Il padre è un'opera d'avventura con il cuore che palpita di ossessione e di passione: un cinema di sguardo, nella larghezza epica dello "scope", tra carrellate, panoramiche e molta macchina a mano, che possiede nel non parlare dell'eroe lacero la chiave di un'ispirazione forte e sincera che lo stacca nettamente sia dai pigolii colossali e stentati di The Search sia dal melò elegante, a tratti goffamente lirico e amoreggiante, di Water Diviner. Un film coraggioso che non fa sconti, che evoca la sorte degli uomini e delle donne armene senza se e senza ma. Genocidio è stato e genocidio resta. Il padre affronta la questione religiosa: l'eterno duello tra il Bene e il Male e non basta. Quelle pietre che Nazaret scaglia contro il cielo racchiudono non soltanto il problema del lavorio subdolo del Diavolo, ma anche l'interrogativo lancinante che, dopo la Shoah, gli ebrei si sono posti sulla giustificazione dei disegni dell'Onnipotente, come il filosofo Hans Jonas nel suo fondamentale saggio "Il concetto di Dio dopo Auschwitz".
Fatih Akin, aiutato anche dall'interpretazione soggiogante di Tahar Rahim, costruisce un romanzo d'ammirevole drammaturgia, priva di eccessi e trapunta della speranza chiamata solidarietà, folgorata almeno da una sequenza magnifica quando Nazaret riesce a trovare qualche minuto di pace e di sorriso guardando una comica di quel Charlot anche lui ancora orbato della favella.E Il padre attraversa i generi, western compreso, innervandosi di citazioni e di omaggi, ma senza mai dimenticare che la Via Crucis di Nazaret non è unicamente il parto della finzione, ma un lacerto di quanto gli armeni hanno subito e di quando il ricordo del soykirimi sia stato insabbiato, disperso e offerto alla vergogna del negazionismo. Non è affatto un caso che l'incipit sia apra con la scritta "c'era una volta e non c'era una volta": favola e verità si intrecciano e si confondono quasi come una barriera per impedire che la Storia si riveli e non venga oltraggiosamente mascherata, per rimembrare come il genocidio non sia stata un'arma che il Novecento abbia definitivamente esaurito nelle sue apocalittiche e ripetute pulizie etniche.

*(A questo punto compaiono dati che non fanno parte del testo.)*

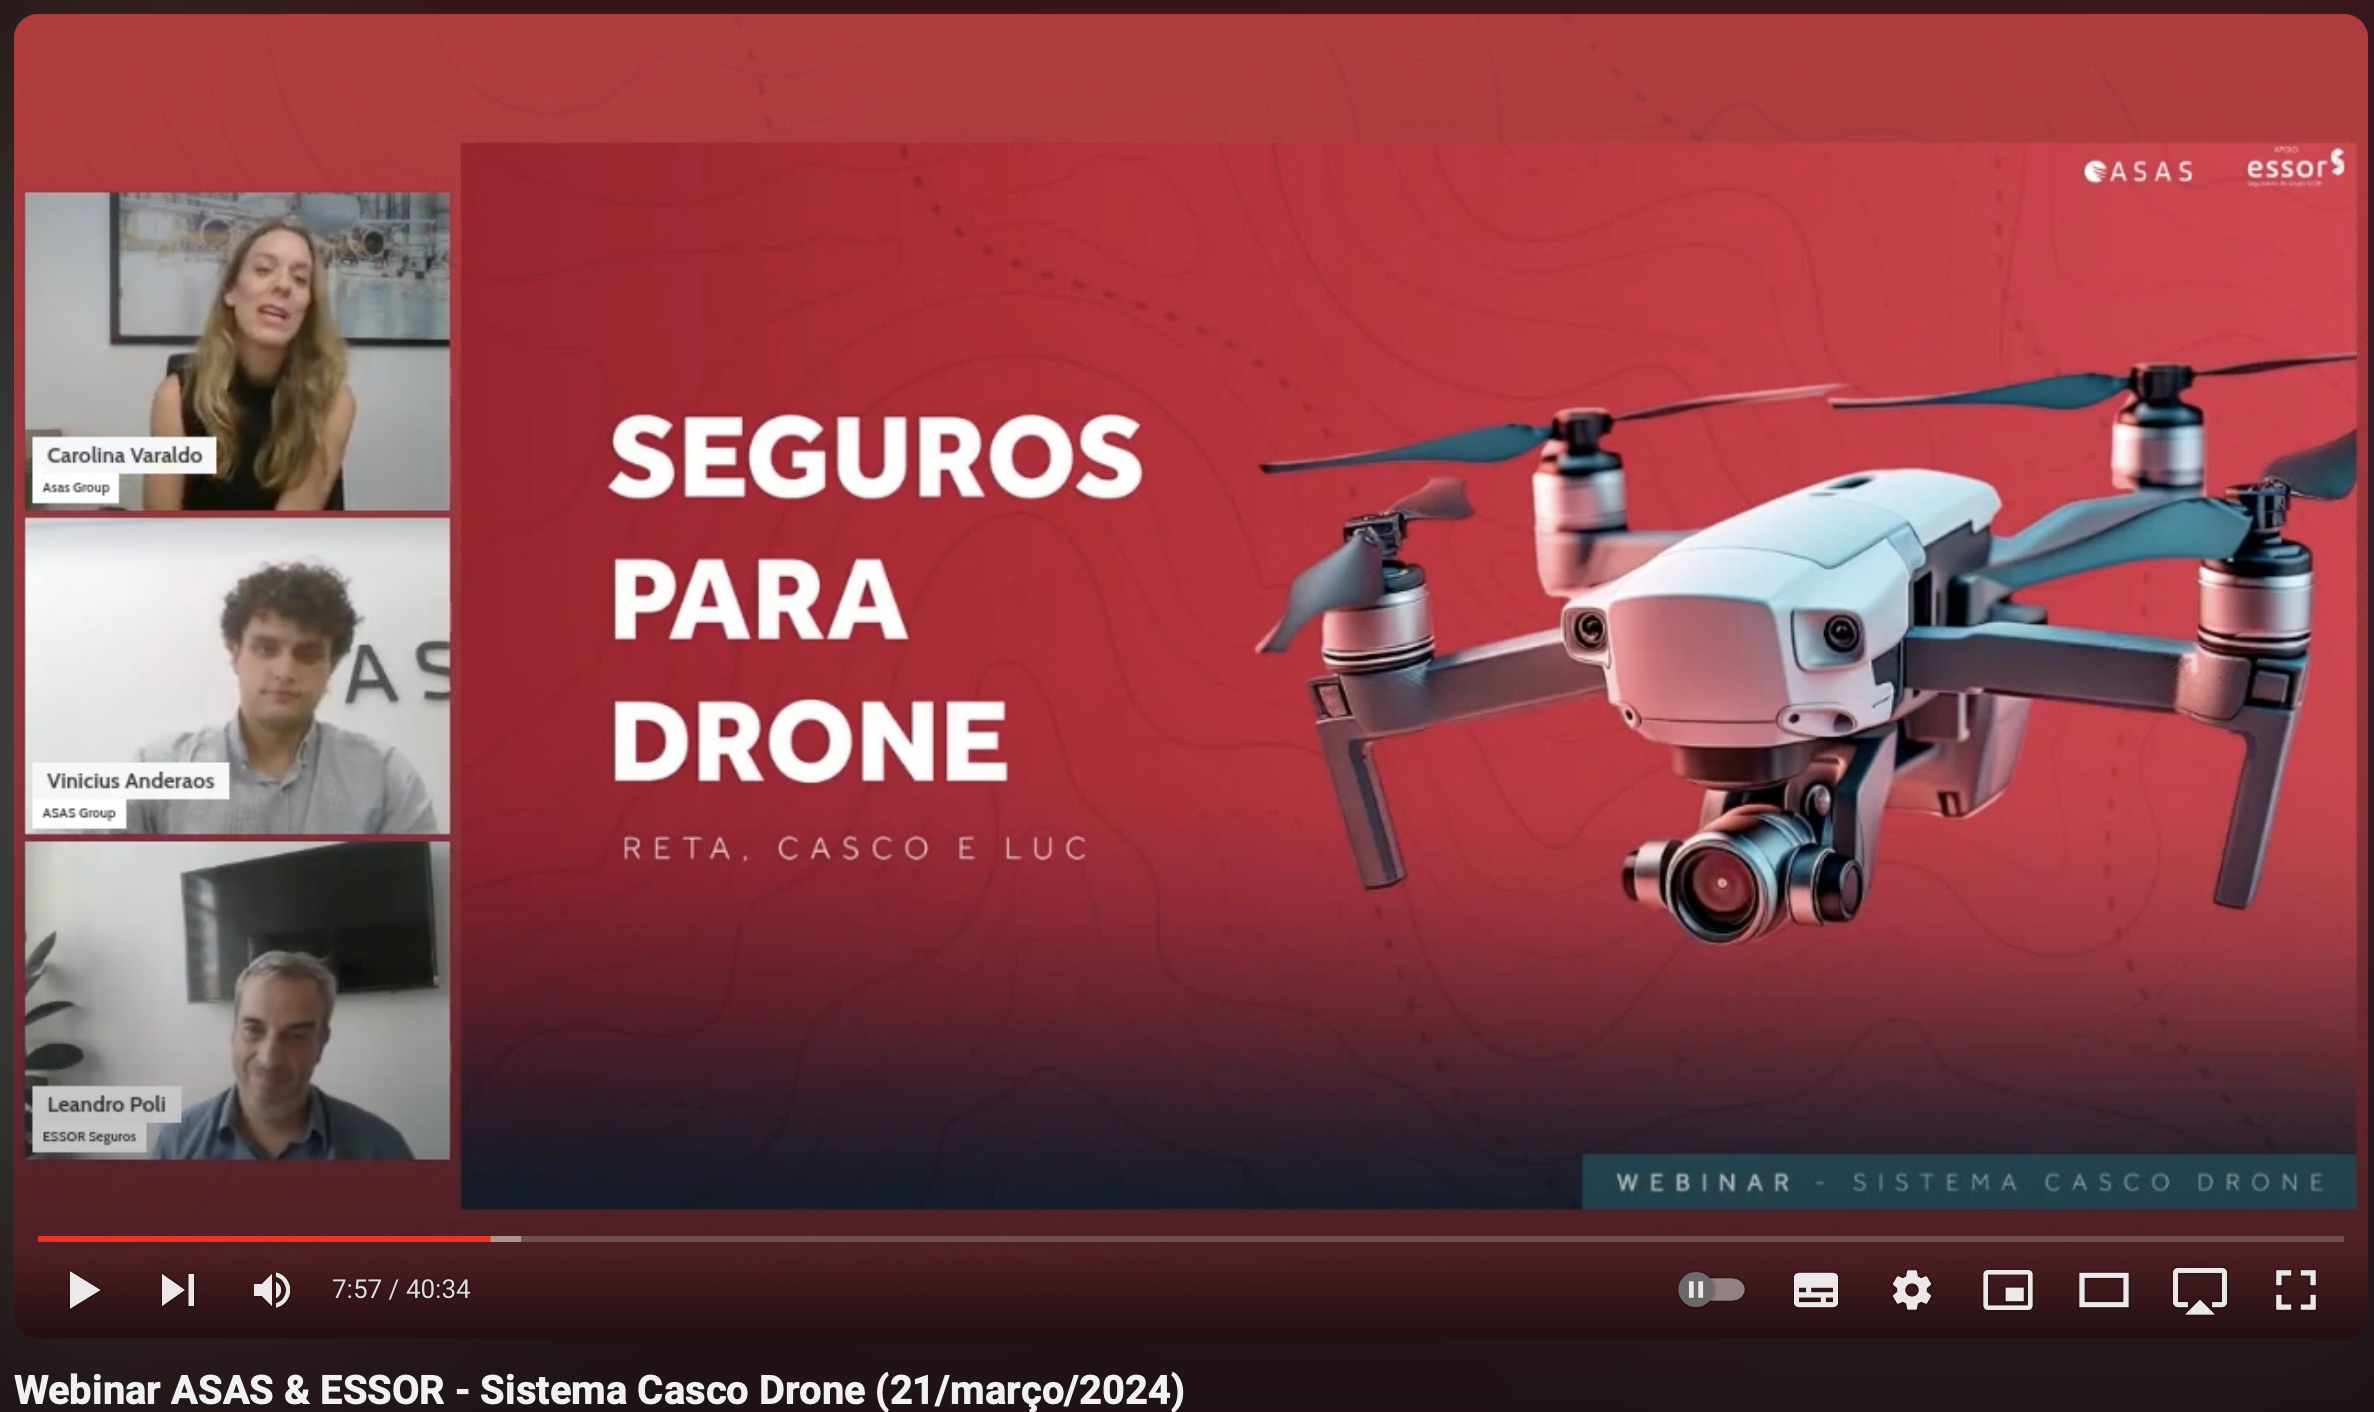 Assista ao Webinar Sistema Casco Drone, oportunidade única no mercado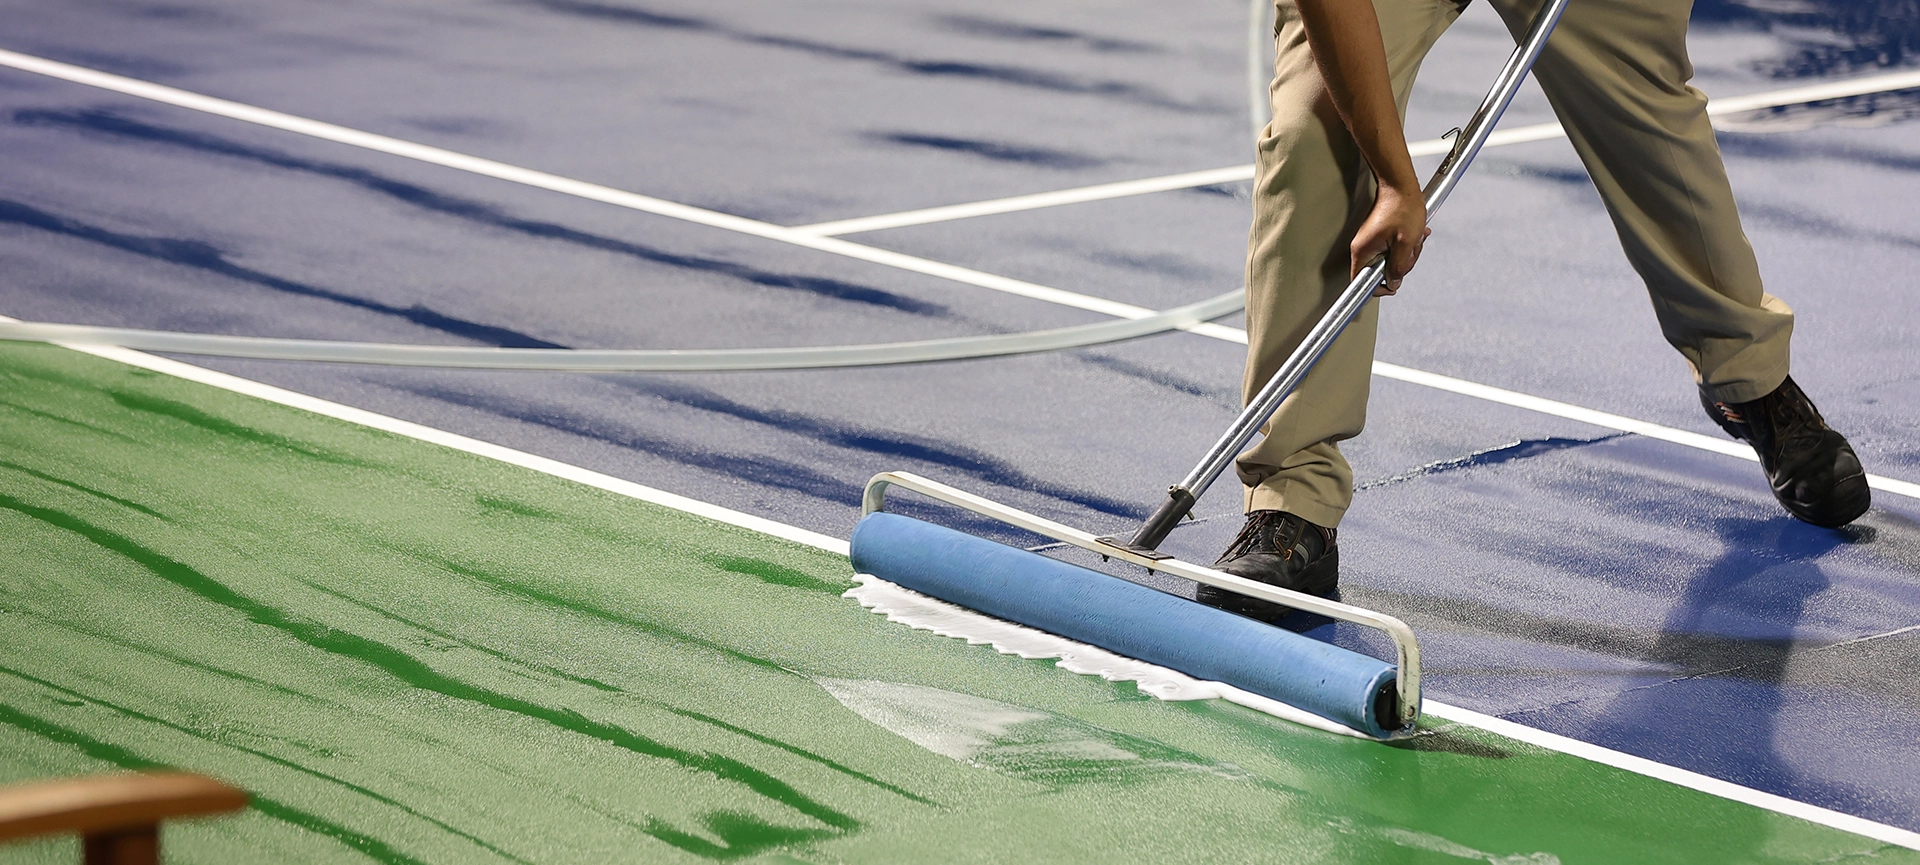 tennis court maintenance in ottawa

Il padre è la testimonianza che la classicità della messa in scena non è un retaggio d'antiquariato, ma una delle soluzioni possibili dell'affabulazione cinematografica, altrettanto possente che lo sperimentalismo e certamente di una diversa pasta rispetto alla moda dell'autorialità fine a se stessa devota a scrutare non il mondo ma l'ombelico del regista. Fatih Akin vola più alto anche con la carica di una preziosa commozione morale e culturale.